# Power Rangers with Alliance Sterling #107 office bands



## Charles (Aug 26, 2010)

All right you folks ... time to get cracking. In an effort to show that you do not need fancy bands to get very good power, I just shot a qualifying score for the Power Rangers with Alliance Sterling #107 office rubber bands. They were not tapered, and not doubled ... just straight out of the box. Go down to the competitions forum and check it out. No more excuses ... time to belly up to the bar. Come on and join the Power Rangers!

Cheers ...... Charles


----------



## NaturalFork (Jan 21, 2010)

Awesome! Going to find the post now.


----------



## BC-Slinger (Jan 6, 2013)

Great job again Charles with office style bands. It always amazes me how great the performance is you can acheive with those suckers.


----------



## VillageSniper (Jan 22, 2013)

Charles,

Was this with the 107's as in the post descritption or the smaller 32's. Just curious since I ordered th 107s today.


----------



## Charles (Aug 26, 2010)

VillageSniper said:


> Charles,
> 
> Was this with the 107's as in the post descritption or the smaller 32's. Just curious since I ordered th 107s today.

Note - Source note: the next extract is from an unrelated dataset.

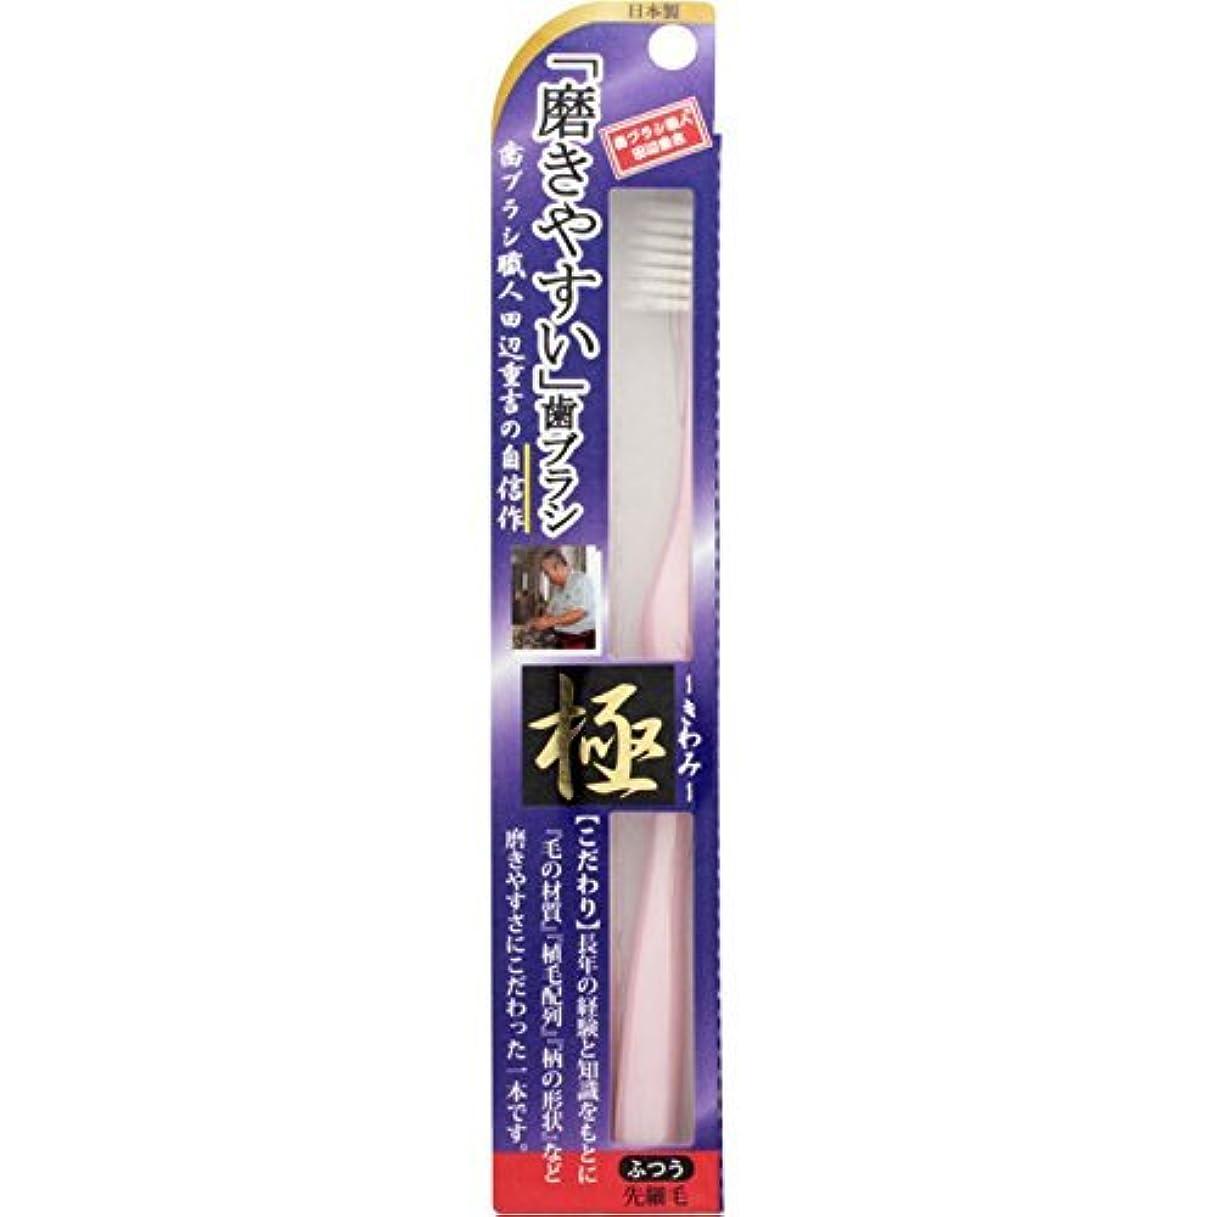 ミュウミュウインフルエンザ揃える【まとめ買い】磨きやすい歯ブラシ 極 LT-22 ×8個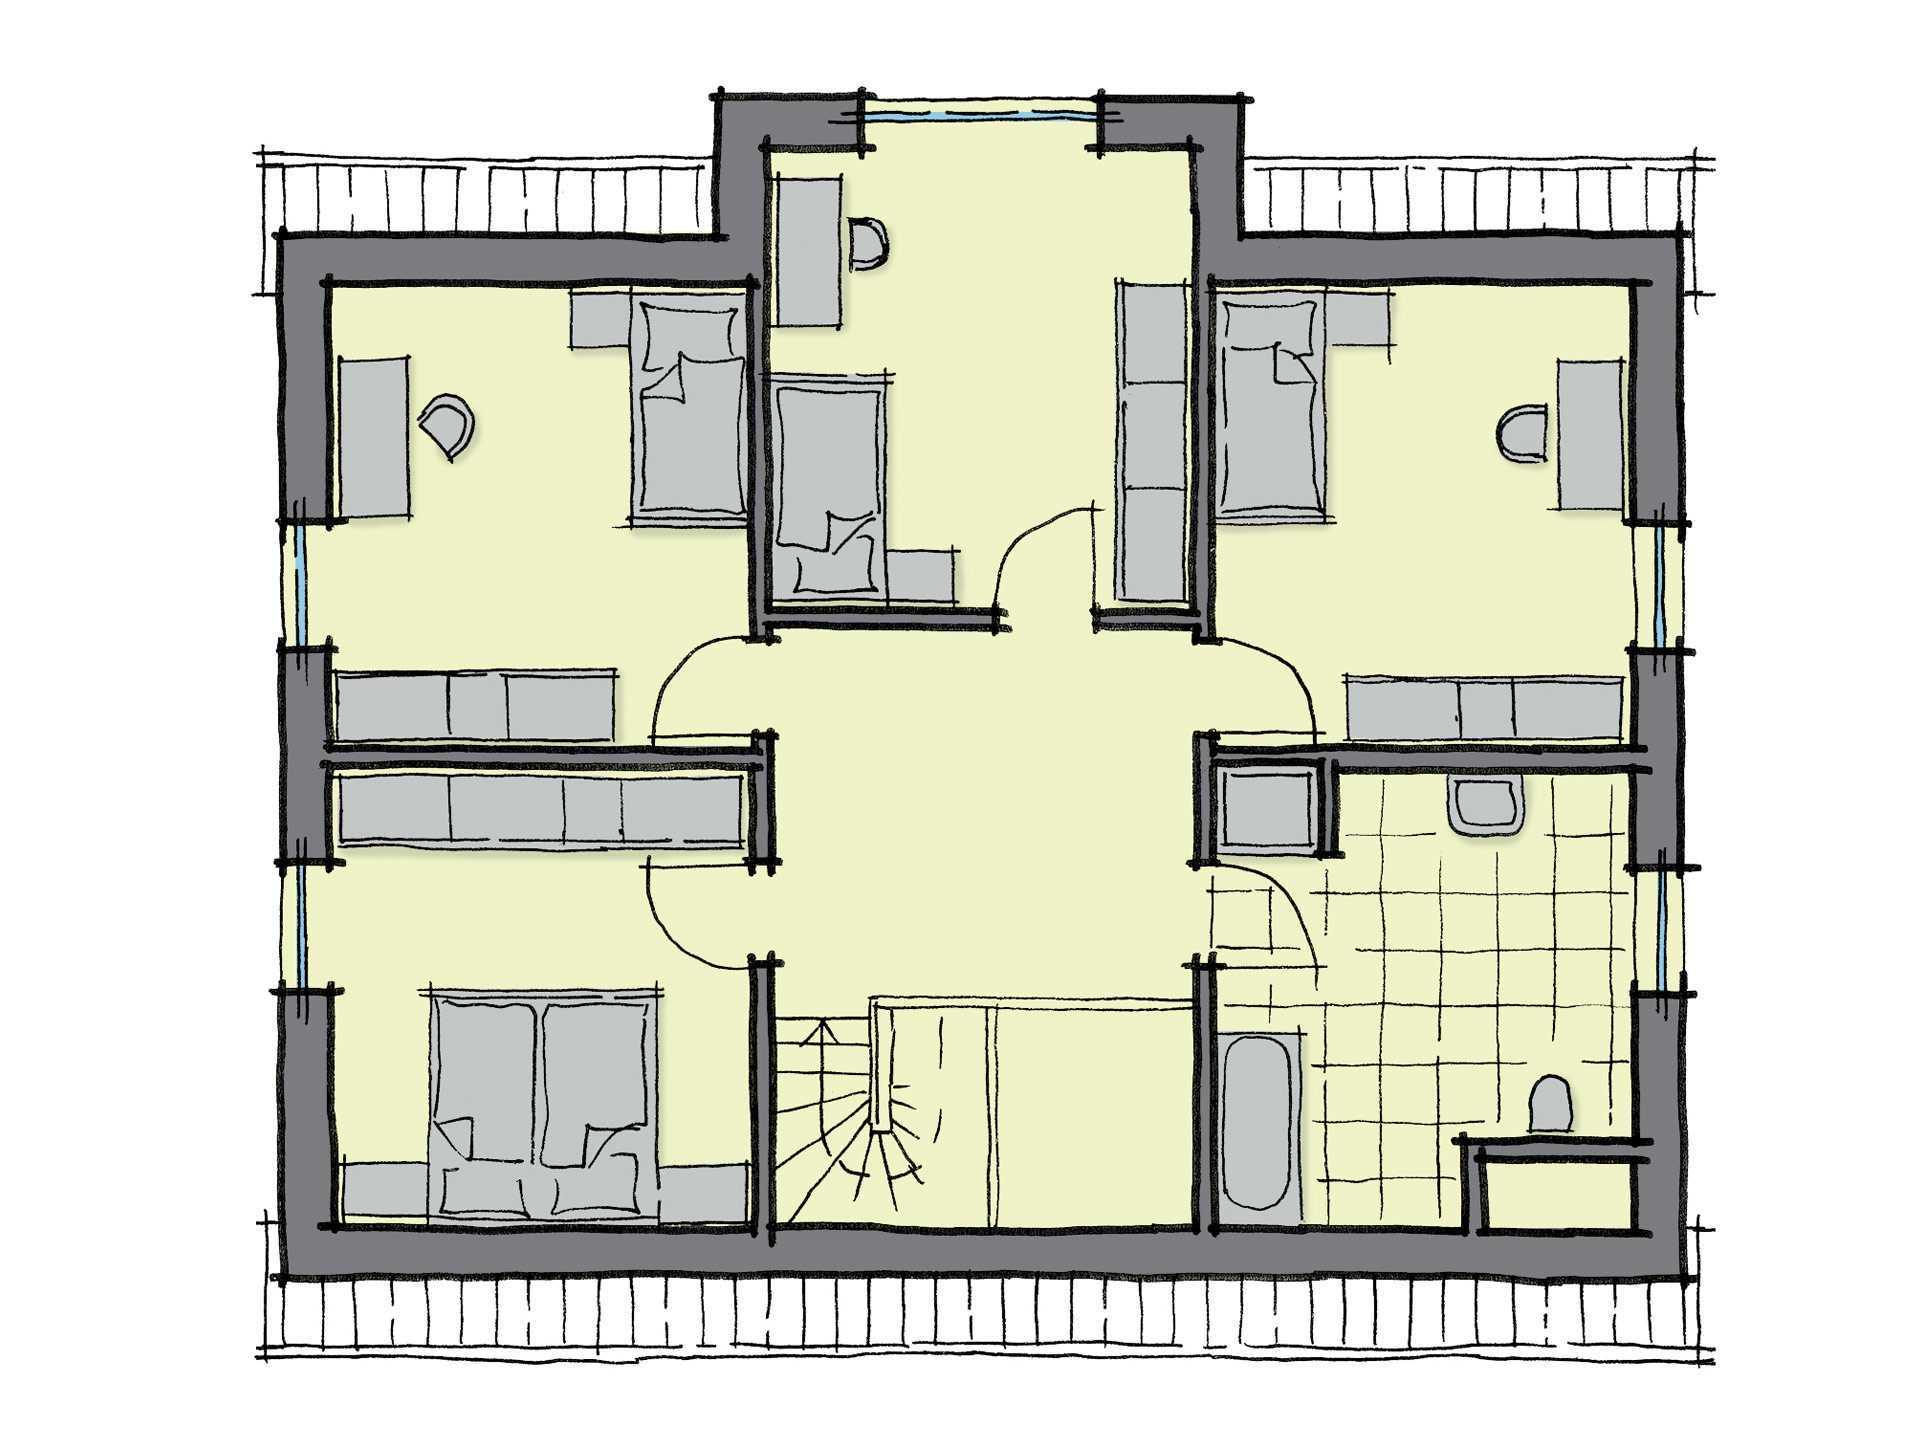 Grundriss Dachgeschoss Einfamilienhaus Kiefernallee Variante 1 GUSSEK HAUS

This particular post was for the Alliance Sterling 107s. With the 107s I shot a 175 grain lead ball at 204 fps, for 16.3 fpe.

http://slingshotforum.com/topic/21108-power-rangers/page-8

You will also see that I previously used braided Rubberbandguns red #32s to shoot a 232 grain lead slug at 181.4 fps, for 17 fpe.

http://slingshotforum.com/topic/21108-power-rangers/page-7

For being cheap, readily available, hassle free, and yet reasonably powerful I think it is hard to beat 107s.

Cheers ..... Charles


----------



## Berkshire bred (Mar 4, 2012)

now thats the way to do it.


----------